What does 2021 hold for home insurance?
The pandemic’s work-from-home trend and climate change have had a definite impact on the home insurance sector.
On the one hand, many employees have been living and working from their home office because of the threat of COVID-19. Because of this, they’ve had constant oversight of their dwellings.
This change in domestic living habits has helped prevent theft and fire and water damage while leading to a 10.26 per cent drop in home insurance claims in Canada – saving insurance companies about $1.1 billion in 2020, according to Hellosafe.ca.
As temporary working situations become more permanent, it is expected the home insurance market will likely see a similar or greater reduction in claims costs throughout 2021.
The trend has also left many office buildings temporarily vacant or led to some interesting dynamics regarding the repurposing of office buildings.

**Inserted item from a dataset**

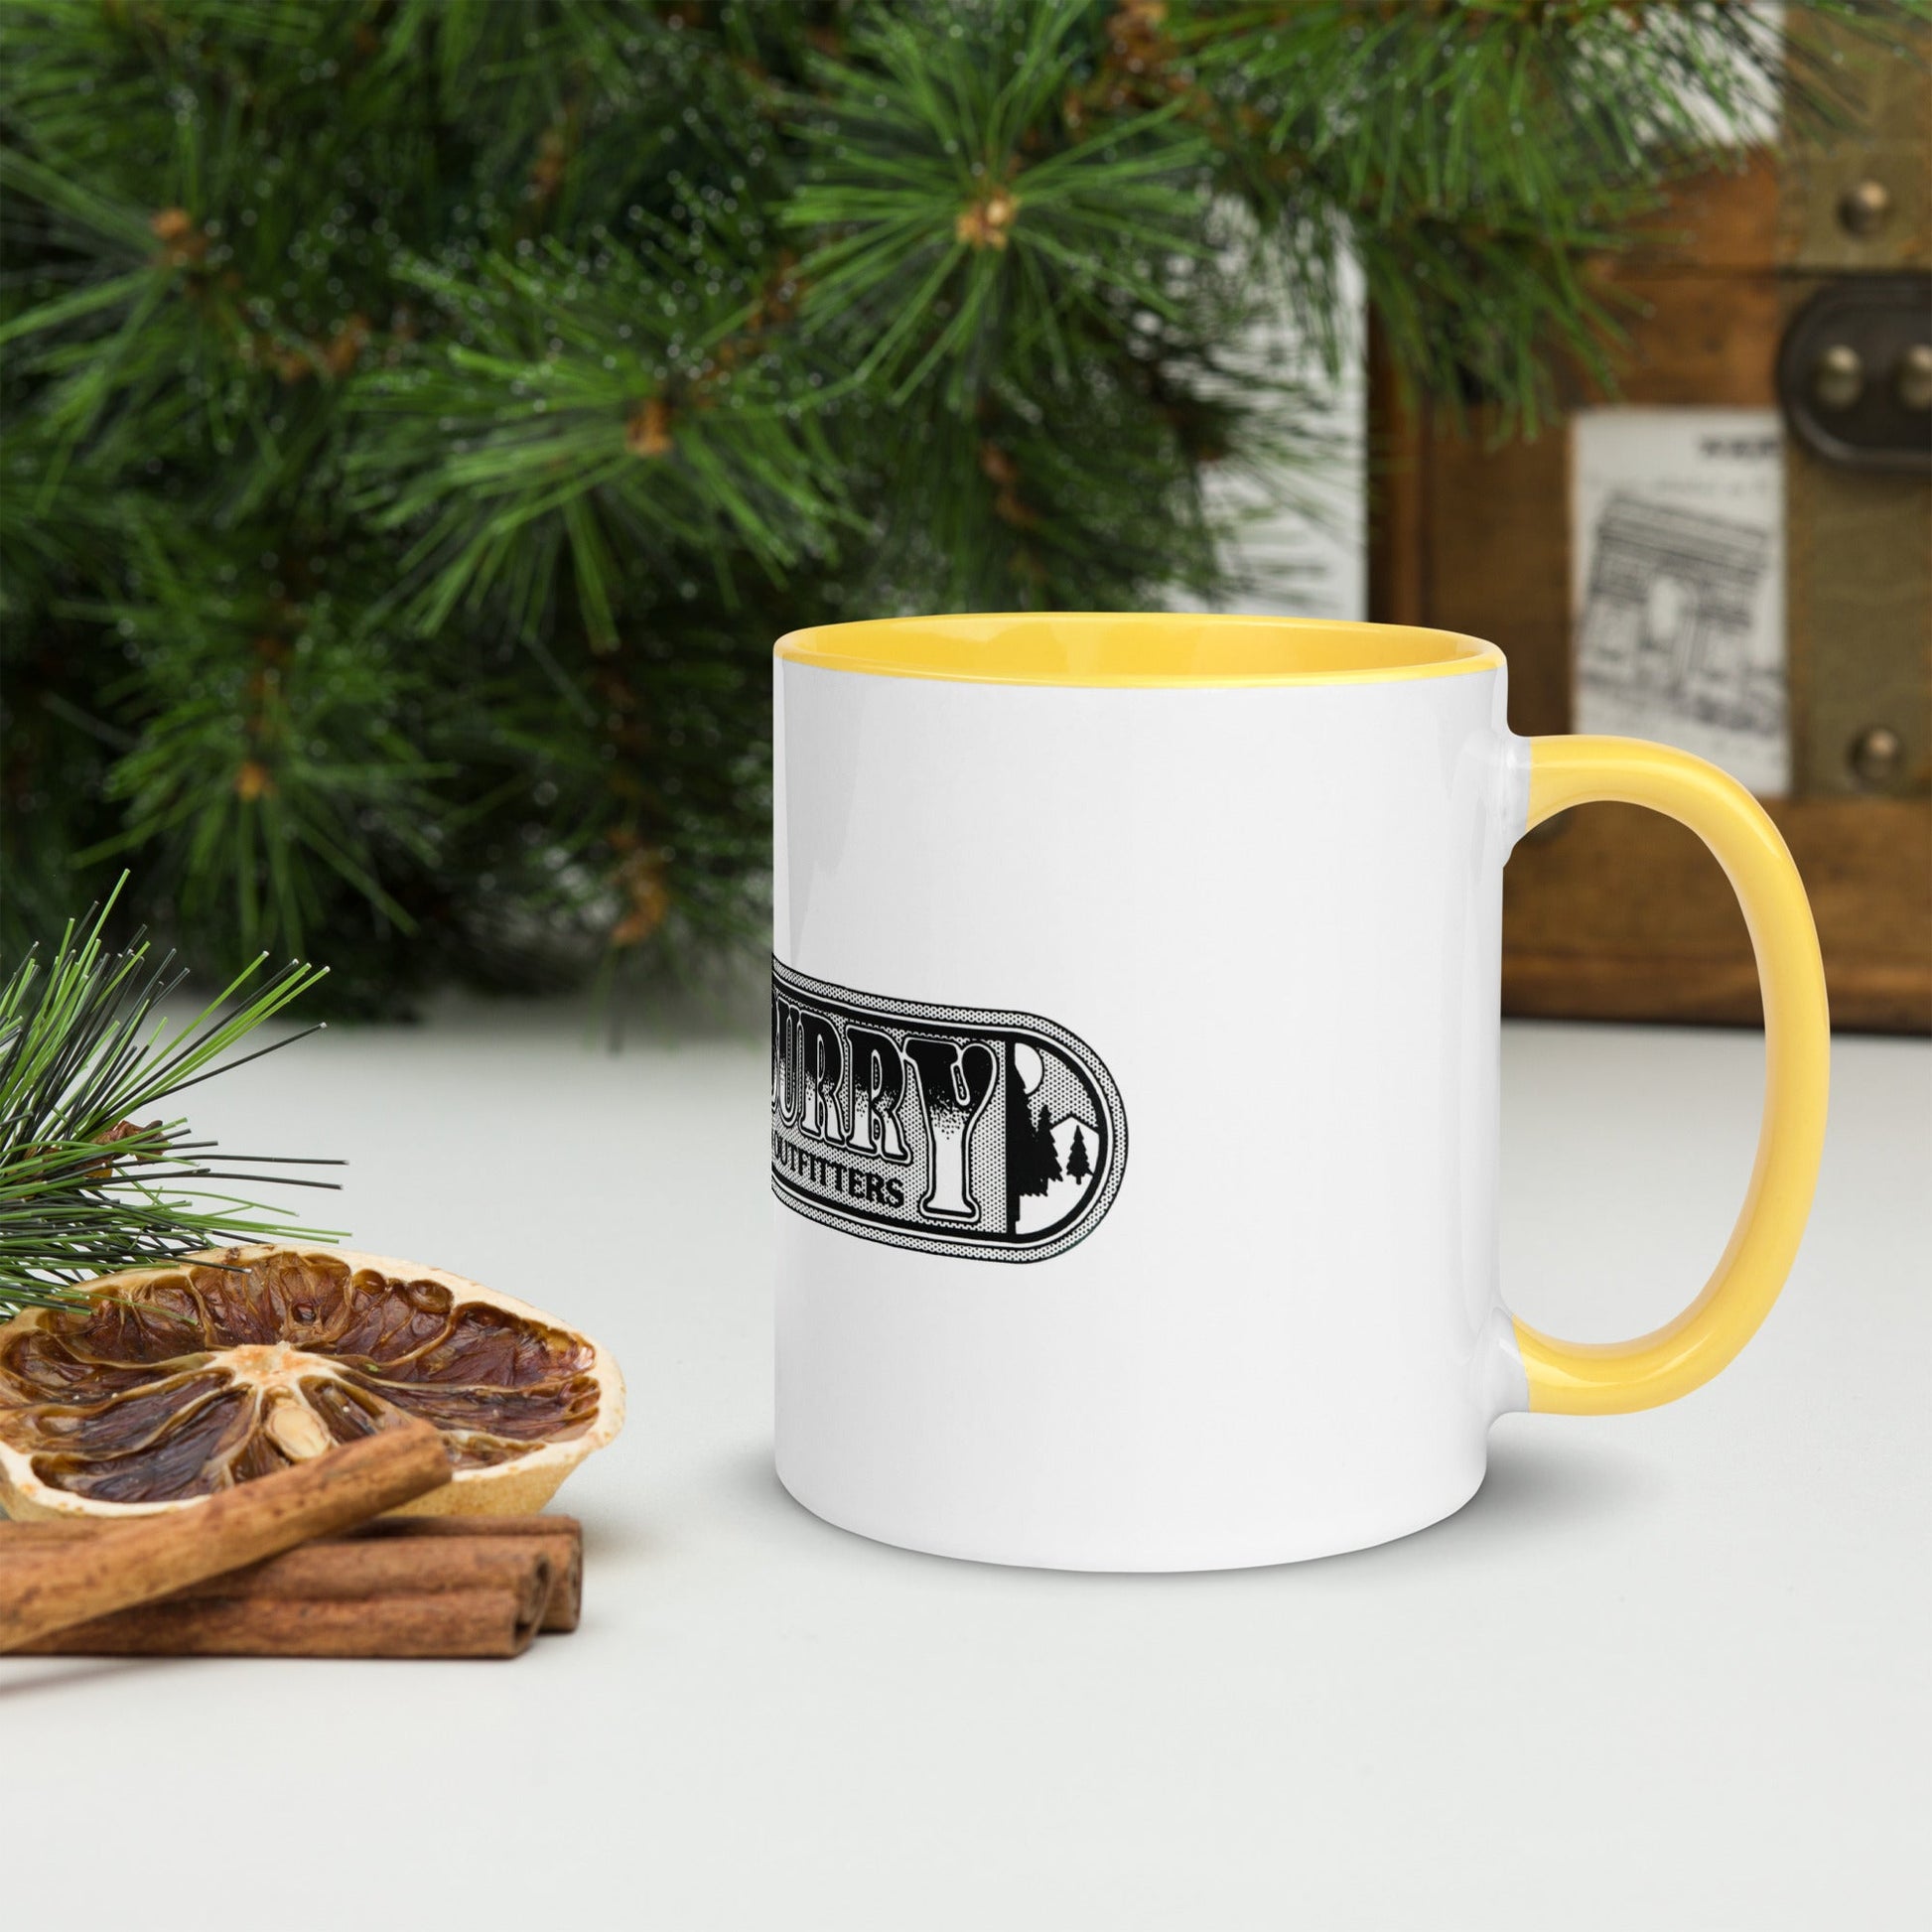 Benn~Burry Mug with Color Inside - Home - Kitchen - Coffee - Mugs - Benn~Burry

“While some businesses are planning to make work-from-home more permanent and others are simply reducing their square footage, the office market is similarly being retrofitted for residential use,” reports HUB International. “Whether it’s a downtown high-rise or an old two-storey Art Deco office building renovated into condos, shrinking office space in highly populated areas will give way to a rise in residential properties.”
Climate change, too, has had a major impact on home insurance. In 2020, extreme weather events, ranging from the Fort McMurray flooding to the Calgary hailstorms, led to $2.4 billion worth of damages in Canada, according to Catastrophe Indices and Quantification, as well as $270 billion globally, according to Munich Re.
Catastrophes likely to affect rates
As a result, HUB International predicts rates will rise between 15 and 25 per cent or higher in areas exposed to catastrophes such as earthquakes, flooding, hail, and windstorms. And we all know Mother Nature is bound to be back in 2021 with increasing risks for homeowners.
Meanwhile, condo and multi-family home insurance rates are also rising due to an increase in the frequency and severity of claims in the sector; a rise in repair, rebuilding and property maintenance costs; and general market trends.
According to HUB International, an uptick in claims in the apartment and condominium market due to fires, water escape, wind/hail, and flooding have reduced the number of insurance carriers willing to insure this class.
For this reason, as we move into 2021, the multi-family residential sector can expect to see another 20 to 50 per cent increase, along with further increased deductibles in their general property coverage.
Residential apartment and condominium properties looking to weather this storm will need to show insurers what type of controls they have implemented to prevent common, high-frequency, and severe water and fire claims.
So, what’s a regular homeowner to do? First, it’s important to talk to your broker at renewal time about your coverage needs. If your current insurer has raised their rates, your broker can shop the market for you ensuring you get the most competitive rate for the coverage you need. Another possibility to keep rates lower is to raise your deductible.
Second, while no one can control Mother Nature, homeowners can take specific steps to protect their investment. That could include the installation of a sump pump or sewer backflow valve.
The bottom line? If you’re a homeowner, prevention and maintenance are key. And so is shopping around with the expert advice of your broker.